The image of Social Security recipient as senior citizen wrapped in blankets and dutifully clipping coupons to stretch their monthly check it long gone. Active, healthy boomers have combined with longer life spans to fuel a retirement revolution of second careers, education and travel that defy past generations, and nowhere is this more felt than with Social Security.
Consider—in 2015, over 59 million Americans received almost $870 billion in Social Security benefits. Nine out of 10 individuals age 65 and older receive Social Security benefits. An estimated 165 million workers are covered under Social Security. Retired workers and their dependents account for 72 percent of total benefits paid. Disabled workers and their dependents account for 15 percent of total benefits paid.
The government program is therefore incredibly popular, one of the few such programs that can confidently claim that mantle. Today’s beneficiaries can choose from eight separate benefits and thousands of possible claiming strategies that include such variables as age, marital status, income, life expectancy, children and many (many) more. It all leads to the central question of when the individual should begin receiving Social Security. If the answer is simply “at retirement,” the individual is sorely misguided, as the aforementioned retirement revolution makes the phrase essentially meaningless, or at least defined differently according to a recipient’s specific situation.
Claim right and the strategy can increase benefits and overall retirement income for years, and in some cases decades. Claim wrong and the chances of an individual outliving their retirement resources skyrocket. It’s an increasing complex, and critically important decision. Thankfully resources are here to help.
More financial advisors are capitalizing on technology and utilizing software specifically designed to maximize the amount an individual or couple receives in Social Security benefits. Mainly algorithm-based, such programs can determine a general strategy with a few simple inputs. However, the more information added, the more specific the strategy becomes, further increasing the odds that the strategy is optimized.
Pre-retirees would do well to spend some time with the software, says Cory Chapman, managing partner and financial advisor with El Segundo, California-based EFC Wealth Management, a firm that specializes in Social Security claiming strategies.

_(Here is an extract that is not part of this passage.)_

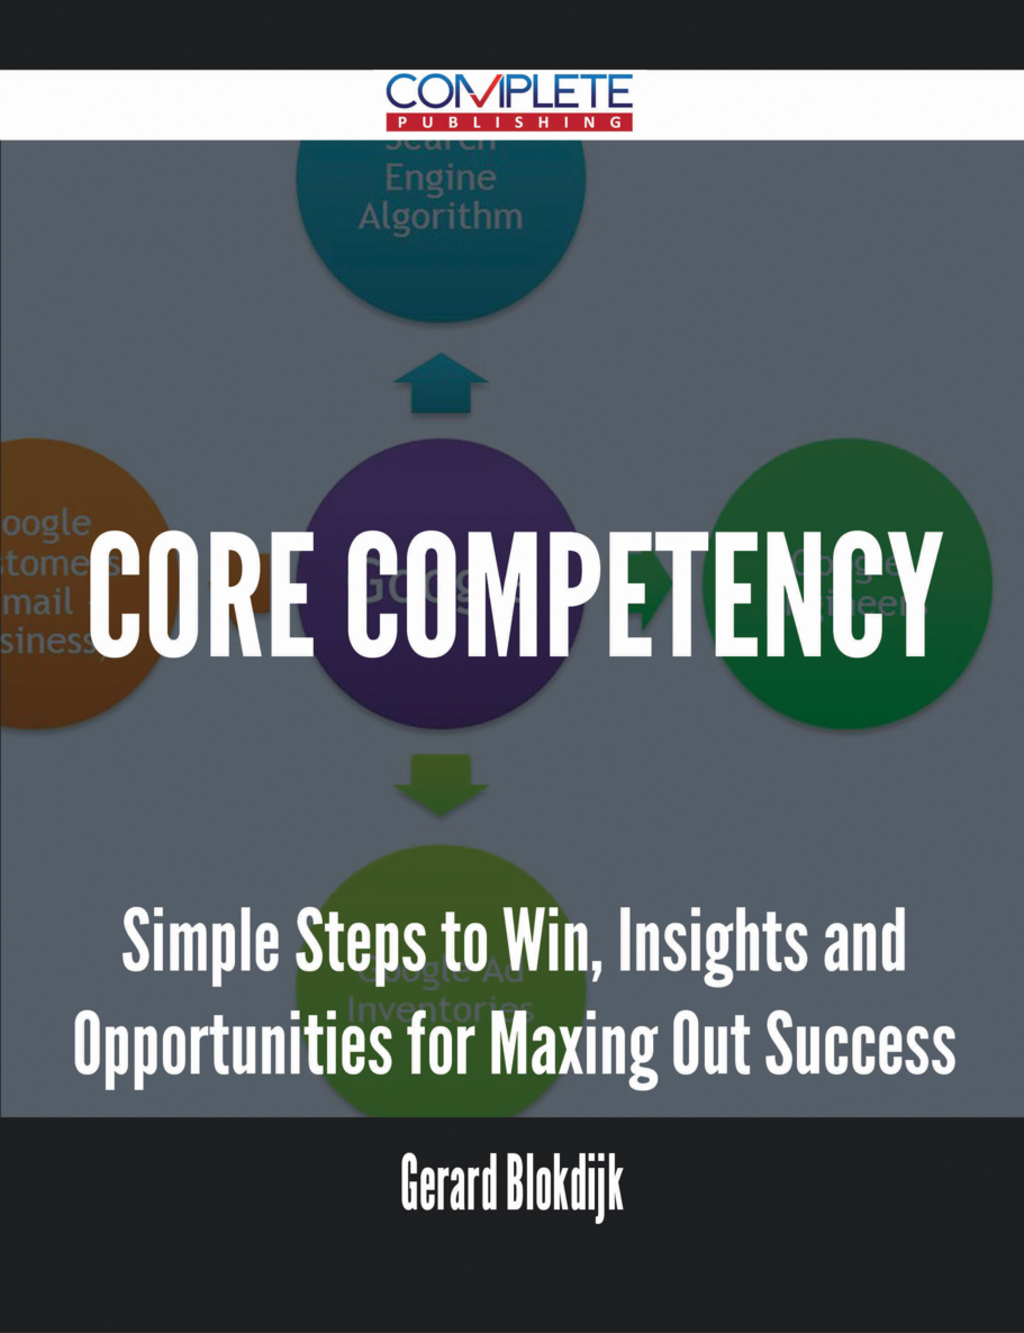 ISBN 9781488896408 product image for Core competency - Simple Steps to Win  Insights and Opportunities for Maxing Out | upcitemdb.com

It’s easy to see why. The most popular age to begin benefits is age 62, the earliest possible. This means early withdrawal penalties that result in far less than the amount to which many workers are entitled. Delaying until full retirement age (currently age 66) or, better yet, delaying until age 70 (the maximum allowed) results in far more total benefits over the course of what is quickly becoming 20, 30 or even more years spent in retirement. Indeed, the difference between beginning payments at ag 66 and just for years later at age 70 results in an 8 percent annual return each year (or 32 percent total), far greater than what’s available in the private market. It can be thought of as an annuity, but one paid for by the federal government.

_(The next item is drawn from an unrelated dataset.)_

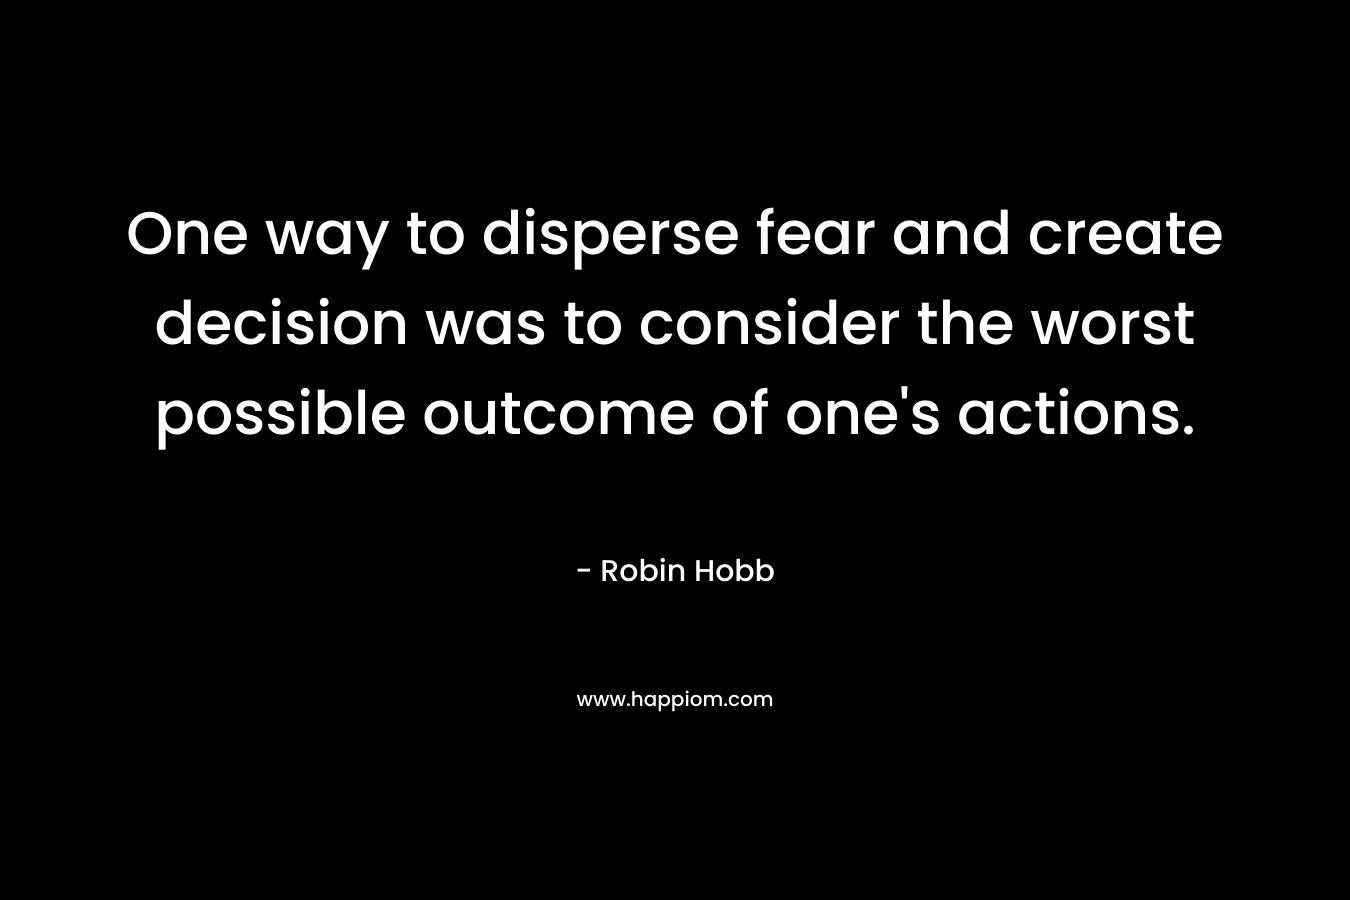 One way to disperse fear and create decision was to consider the worst possible outcome of one's actions.

“The individual will get 25 percent less over the course of their retirement in they begin at 62 and 32 percent more if they are able to wait until age 70,” says Chapman, whose firm is currently offering a free Social Security evaluation. “And there’s no market risk. The rationale and incentive for doing so are there, it’s just a question of illustrating it to the recipient.”
With major changes afoot, most recently the discontinuation of two claiming strategies known as “File and Suspend” and “Restricted Application” the programs, and how benefits are received, remain fluid, which furthers the case for professional assistance when figuring it all out. The stakes—a successful and affordable quality of life in retirement for the majority of American—are simply too high otherwise.